God Bless Nagaland
- National anthem of Nagalim De facto state song of Nagaland, India
- Lyrics: Razhukhrielie Kevichüsa, 2005; 21 years ago
- Music: Razhukhrielie Kevichüsa, 2005; 21 years ago
- Adopted: 2024 (national anthem)

= God Bless Nagaland =

"God Bless Nagaland" is a Naga patriotic song written and composed by Razhukhrielie Kevichüsa. The song draws inspiration from Deuteronomy 11:11-12. It serves as the de facto state song of the Indian state of Nagaland. In 2024, the Forum for Naga Reconciliation adopted it as the Naga national anthem.

== History ==
The song was written and composed by Razhukhrielie Kevichüsa in 2005. It was inspired by Deuteronomy 11:11–12. The song was approved by the 56th Tatar Hoho Session (NNC), on 26 January 2006 at Oking Kohima. In 2024, the Forum for Naga Reconciliation (FNR) announced the adoption of "God Bless Nagaland" as the Naga national anthem.
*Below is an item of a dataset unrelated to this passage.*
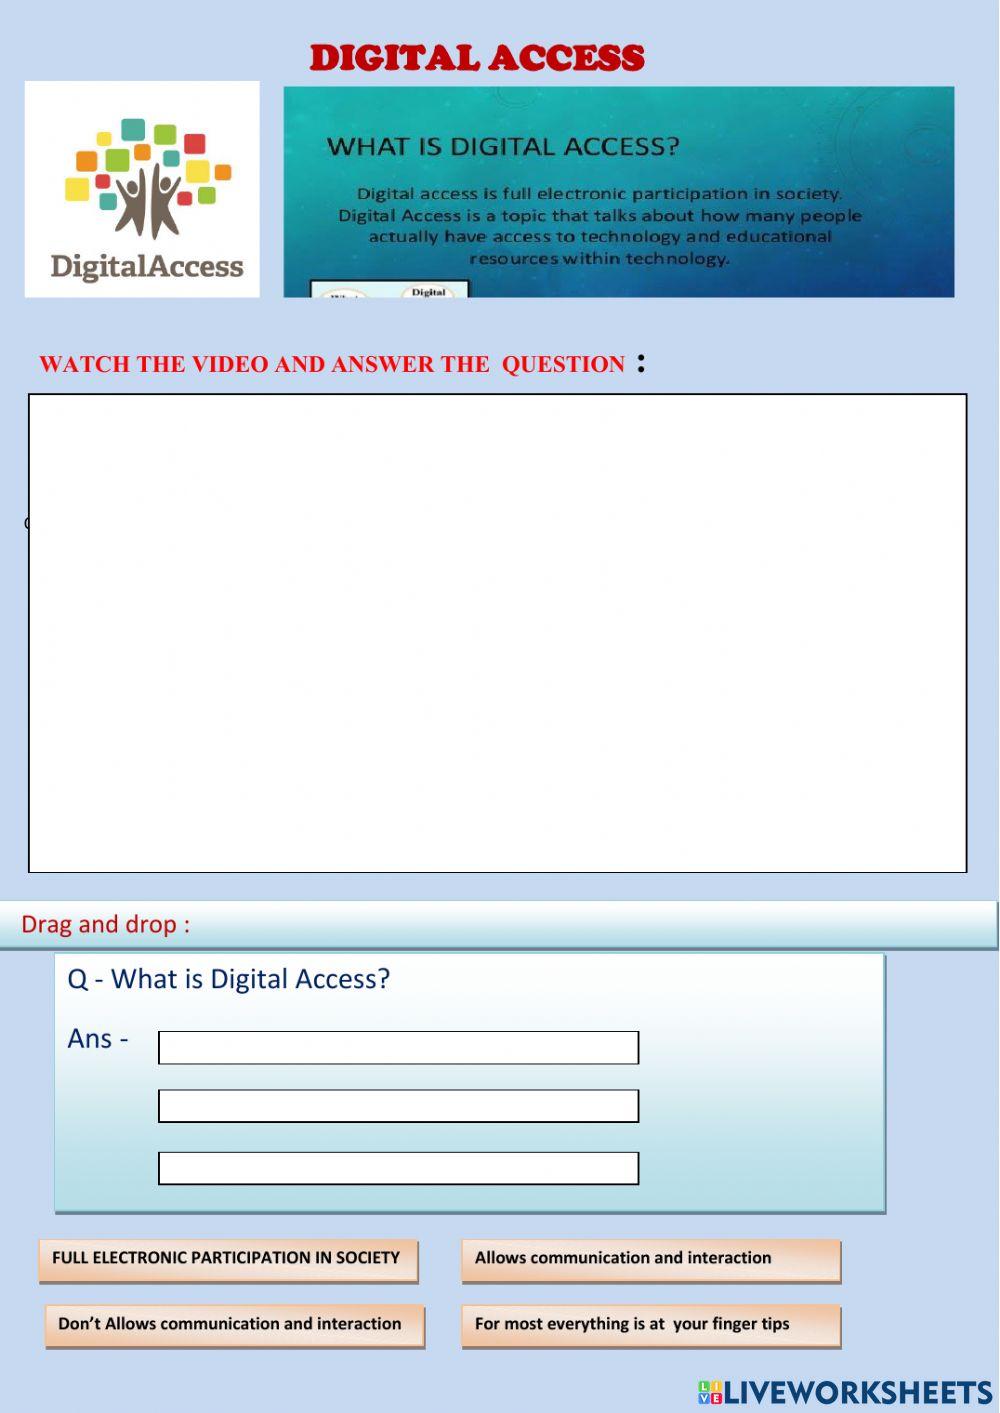 Digital access

The decision followed meetings between the FNR and Naga political groups on 6 March and 13 April 2024. The FNR stated that the anthem was to be sung at important occasions by Naga political groups, educational institutions, civil bodies and other organisations.

== Lyrics ==

God Bless Nagaland, land that I love.
A land of hills and valleys, that drinks rain from heaven,
God will take care of you, until the end.
His eyes will always be on you,
My fair Nagaland.

== Notable performances ==
On 1 December 2019, a choir of 1060 school students performed "God Bless Nagaland" during the 57th Nagaland Statehood Day celebrations at Khuochiezie (Kohima Local Ground).